In testing the antifungal properties of sea fan extracts, we observed that aqueous whole coral extracts slightly encouraged fungal growth. We suspect that this is an artifact of liberating large quantities of nutrients in the extraction procedure which masked the effect of specific antifungal compounds. The antifungal activities of the chitinase-containing seawater and Tris buffer samples with lower nutrients levels support this possibility. The lack of antifungal activity in those fractions lacking chitinase activity (as in the 24 h seawater collection and anion exchange flow-through) also suggests that sea fan chitinases could be responsible for the antifungal activity. Of course, the antifungal, chitinase-containing fractions in our assay still contain many other proteins and molecules that could be responsible for inhibiting the fungus in vitro. As we further fractionate the sea fan chitinases we will be able to test whether they are responsible for the antifungal activity that we observed. The data presented here also do not rule out the possibility that sea fan chitinases are involved in morphological or digestive processes in the sea fan. The rare endochitinase activity in the tissue, for example, could indicate individuals caught in an uncommon developmental stage or responding to a scarce chitinaceous food source. Our future studies will address this question by establishing whether sea fans themselves contain chitin and determining in which tissue and sub-cellular location chitinases reside.

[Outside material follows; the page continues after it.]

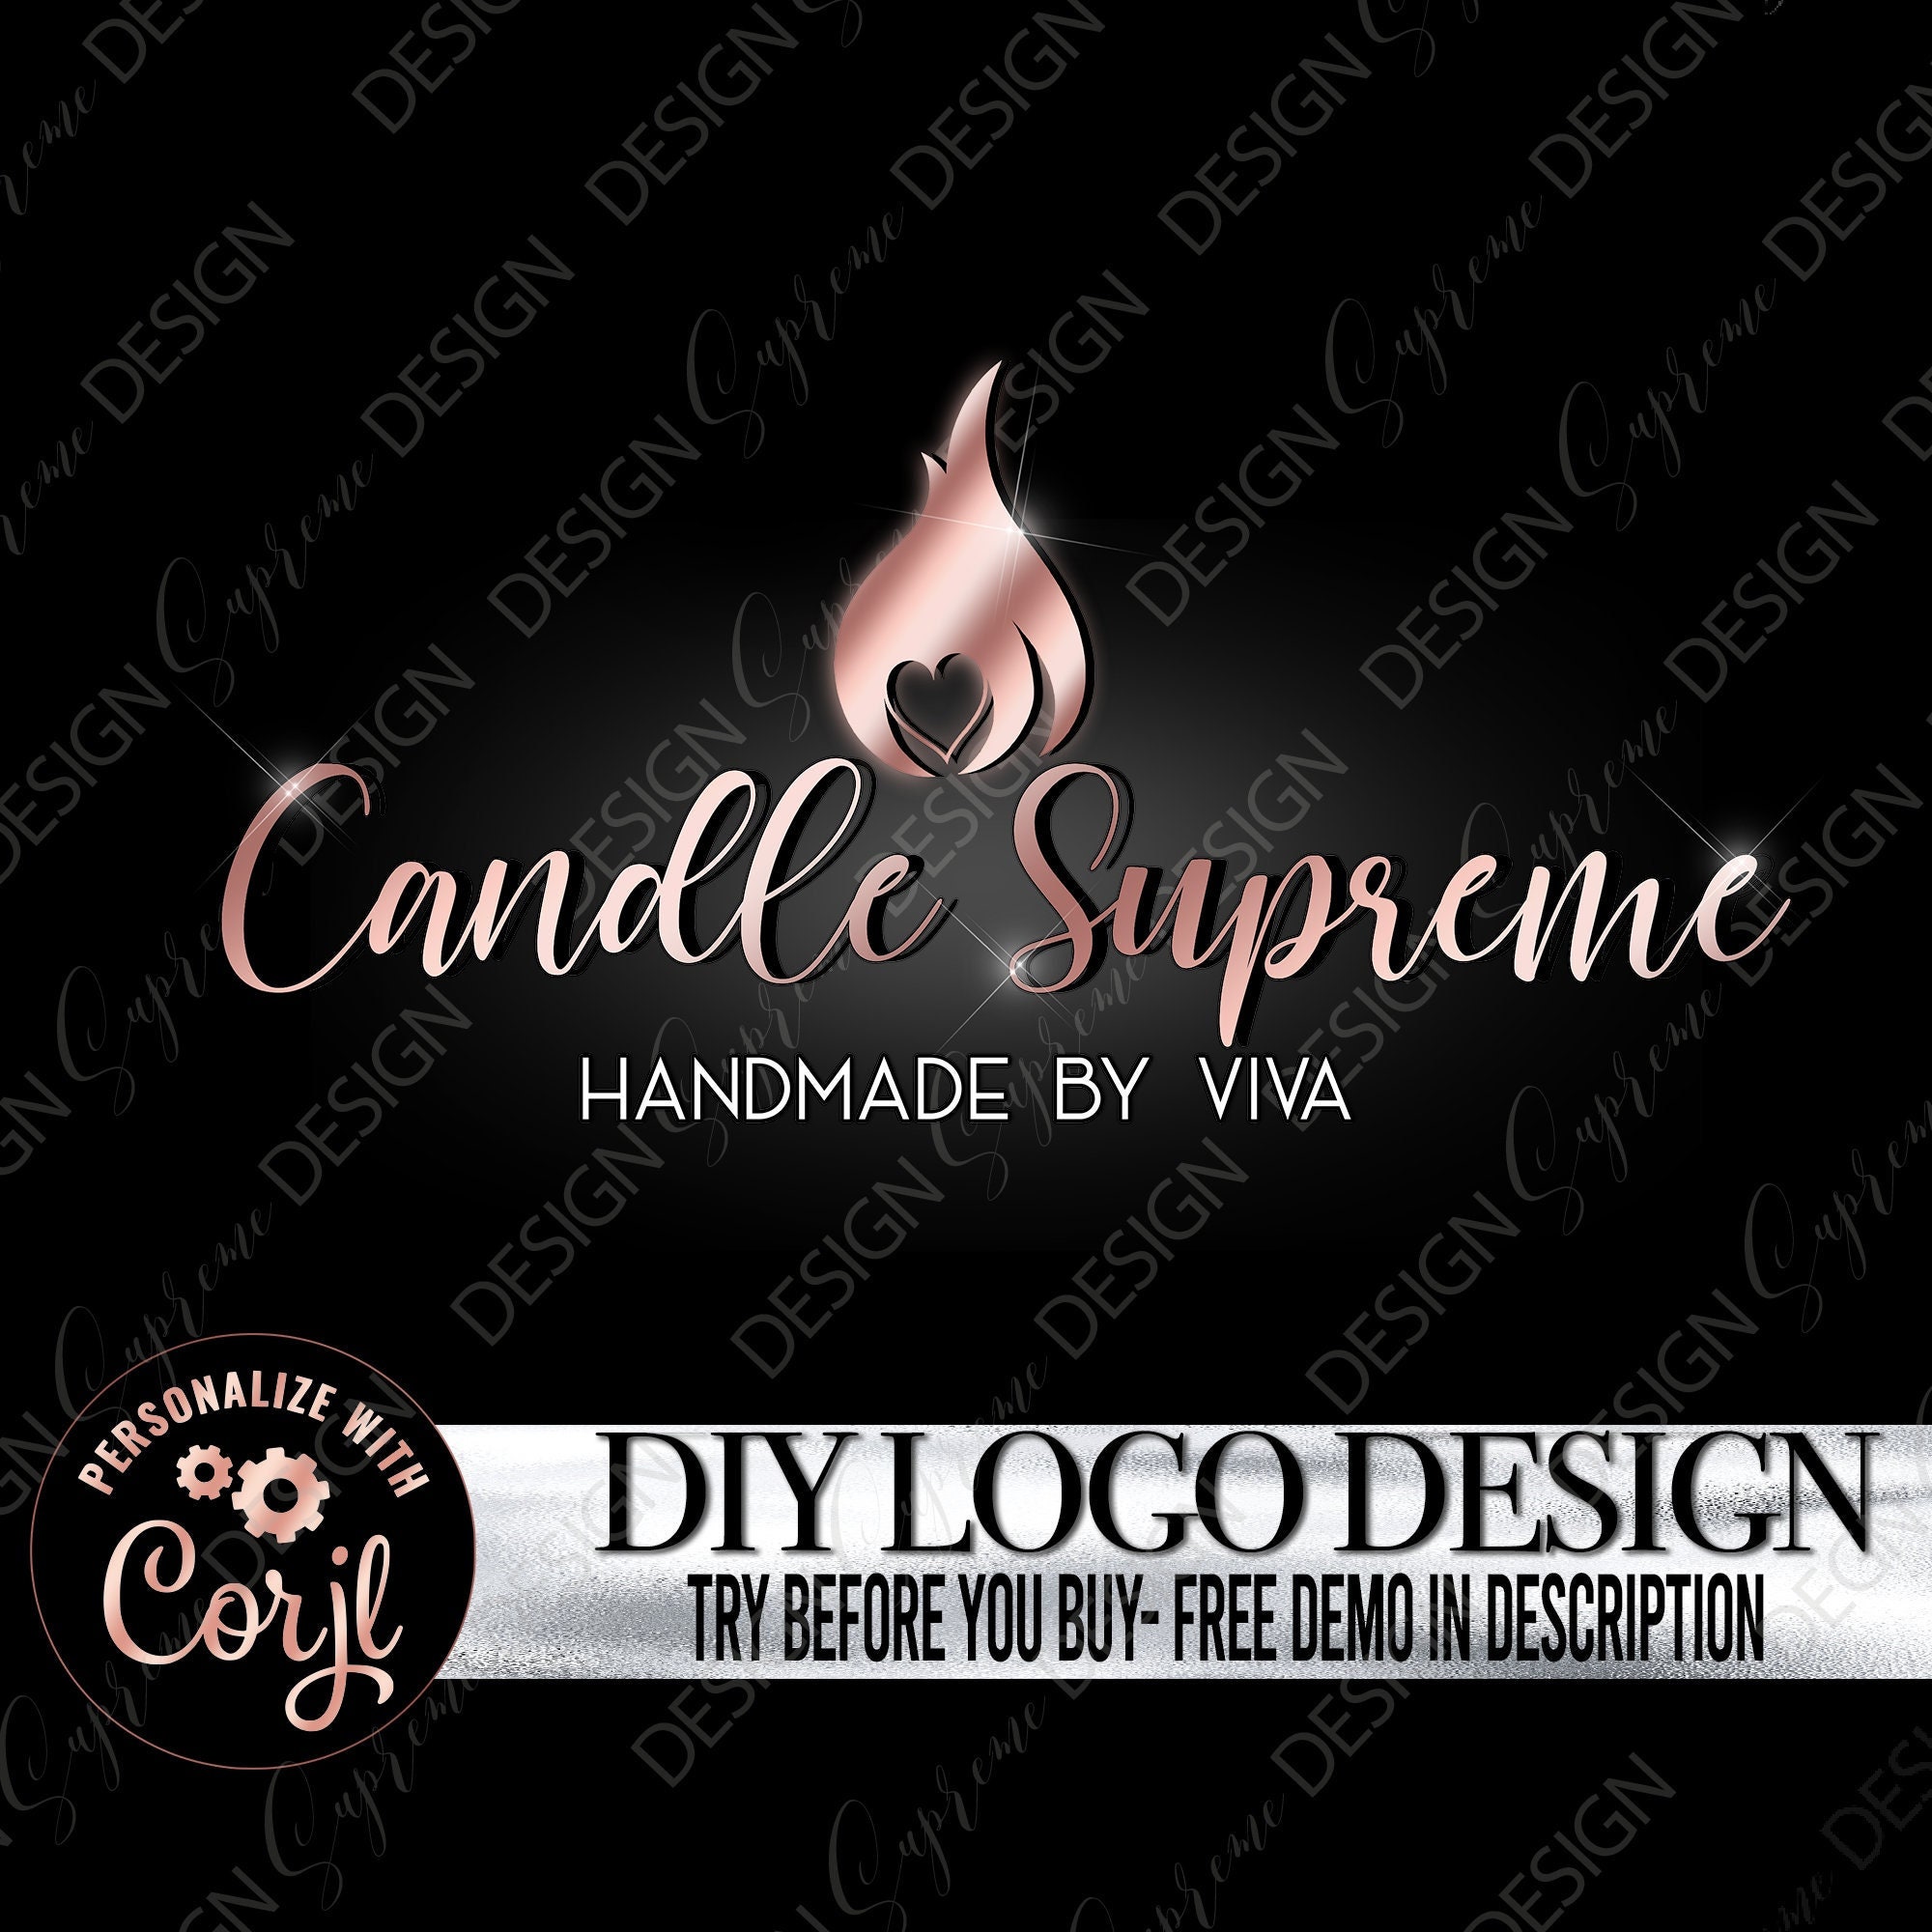 Personalized Candle Labels, Personalized Candle Stickers, Candle Stickers,  Personalized Candleson Stickers 
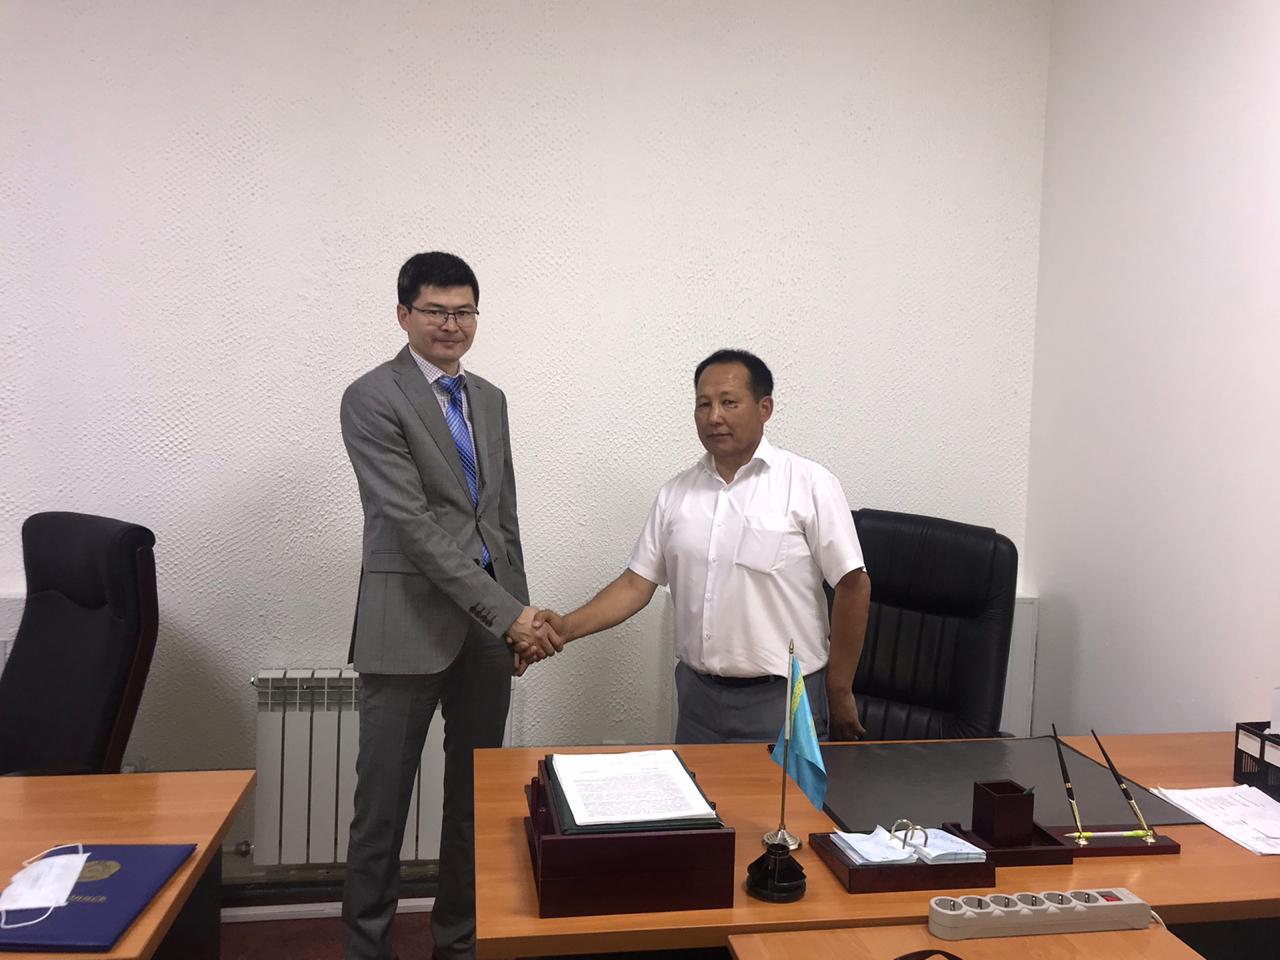 Muratbay Nurmagambetov, Deputy Director for creativity of the Shymkent city House of culture, started working in accordance with the transfer procedure with Marat Orazmetov, Deputy Director for creativity of the Shymkent theater of satire and humor.

In conclusion, the observation that exochitinase in sea fan tissue did not increase in response to fungal exposure argues against the hypothesis that this enzyme is a positively regulated fungus-specific response in this species. However, exochitinase is released into the surrounding seawater in response to injury or agitation of the coral and the released activity corresponds with antifungal activity. These findings suggest that this enzyme may play a role in the general response of sea fans to stress. Given the lytic nature and specificity of chitinases, and their demonstrated role in defense in many other organisms, our preliminary interpretation of these data is that sea fan exochitinase may serve as protection against opportunistic infection by chitinaceous pathogens during stress. The widely varying endochitinase activity of sea fans may prove a useful indicator of individual susceptibility to stressors, prior exposure to chitinaceous intruders/food sources, or may reflect different developmental stages of the host. Future studies will attempt to correlate endochitinase activity with disease and resistance measures and genomic markers to explore this possibility.